Безоблачное небо над головой тонуло в нестерпимо голубой бесконечности и засасывало взгляд, а туда, где в белесоватой дымке горело и плавилось белое солнце, смотреть было больно. Плавала долго. Вода туго обволакивала разгоряченное тело, приятно студила его. Думала поплыть на ту сторону, полежать на шелковистой теплой траве пологого берега, как вдруг почувствовала на себе чужой взгляд. Огляделась вокруг — ничего не заметила, только по-прежнему высоко в небе кувыркался над ней ликующий жаворонок. А ощущение тревоги не проходило. Поплыла к берегу, к одежде. И только тут заметила между тонких веток верболоза пылающий золотым блеском чуб и нацеленные на нее горячие глаза.

— Уйдите! Как вам не стыдно?

Кусты зашуршали, раздвинулись, на прогалинку вывалился мужчина, хохочет.

— Не пужайтесь, Надежда Павловна, не укушу. Шел, размечтамшись, с пристани, вижу — русалка в воде барахтается, дай, думаю, спугну.

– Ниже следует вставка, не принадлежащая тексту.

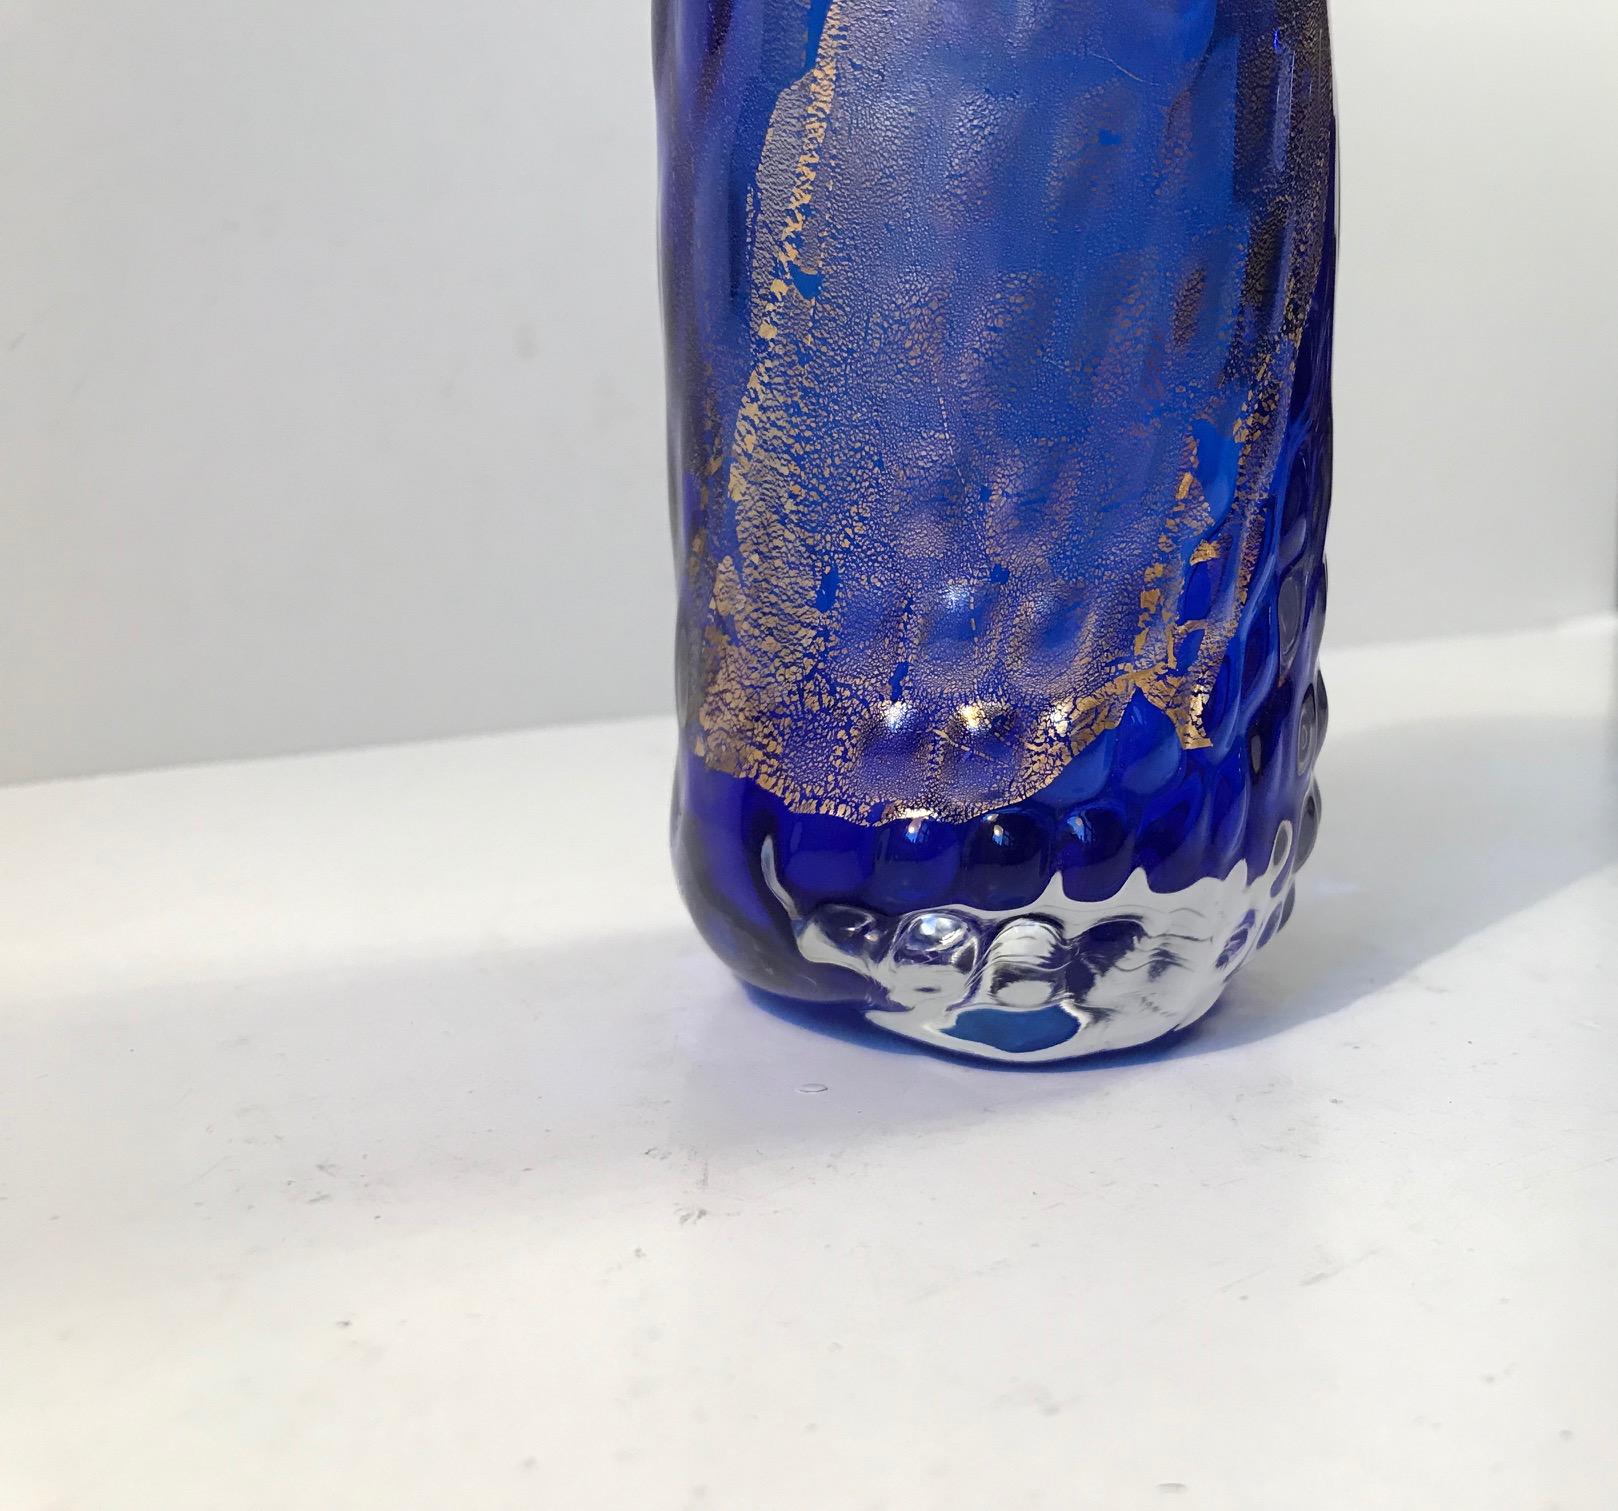 Blaue Glasvase, verziert und mit 24-karätigem Goldstaub durchzogen. Es ist ein Einzelstück und wurde in den 1990er Jahren von Tchai Munch geschaffen, der eine Werkstatt in Ebeltoft, Dänemark, besitzt. In den 1980er, 1990er und 00er Jahren hatte sie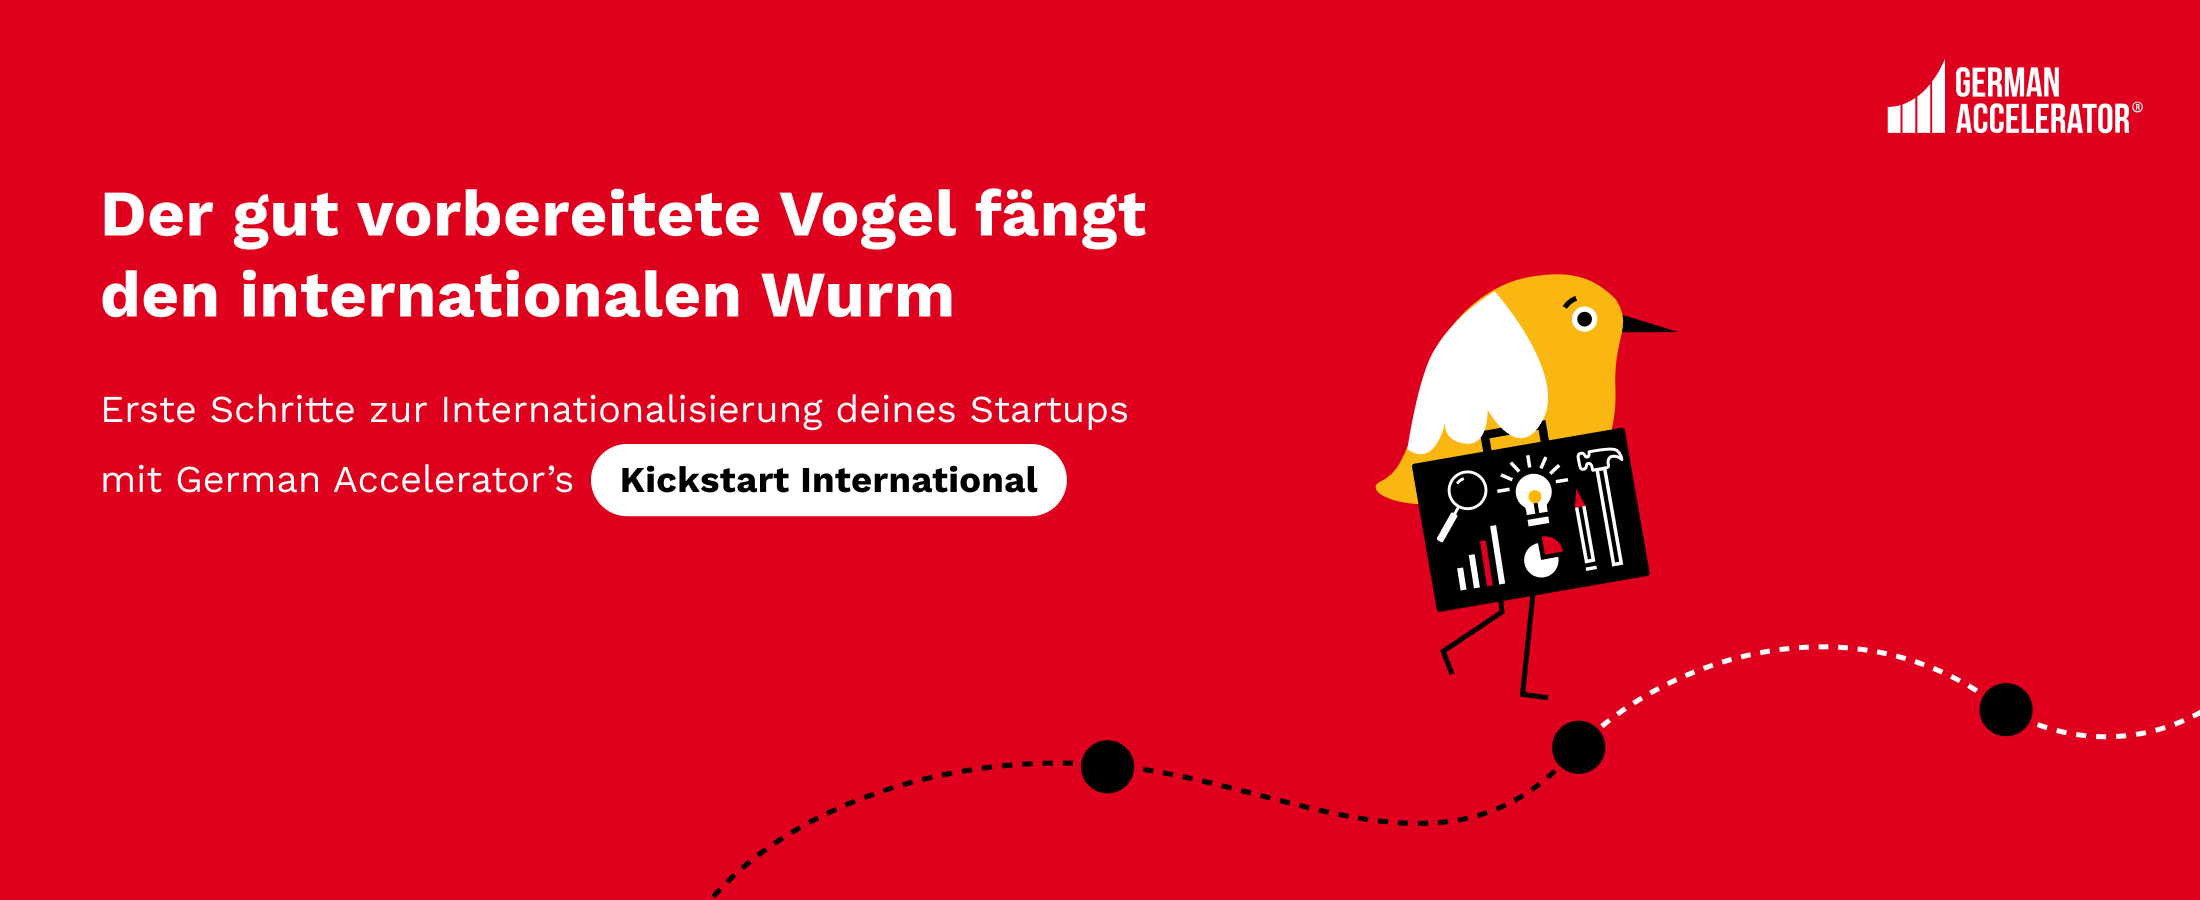 Starthilfe zur Internationalisierung: Kickstart International von German Accelerator

Пригляделась, узнала: сосед. Костя Милюкин, Алешин товарищ школьный. Попросила уже не сердито, ласково:

— Уходите. Я уже озябла, мне одеваться пора.

— Уйду, уйду. Только отчего бы красотой такой не полюбоваться? Не баба, а живопись, произведение, так сказать, искусства.

— Ну как вам не совестно?

— Ухожу, ухожу...

Встал, играя талиночкой, хохотнул и, тряхнув озорно кудрями, скрылся в вербушнике.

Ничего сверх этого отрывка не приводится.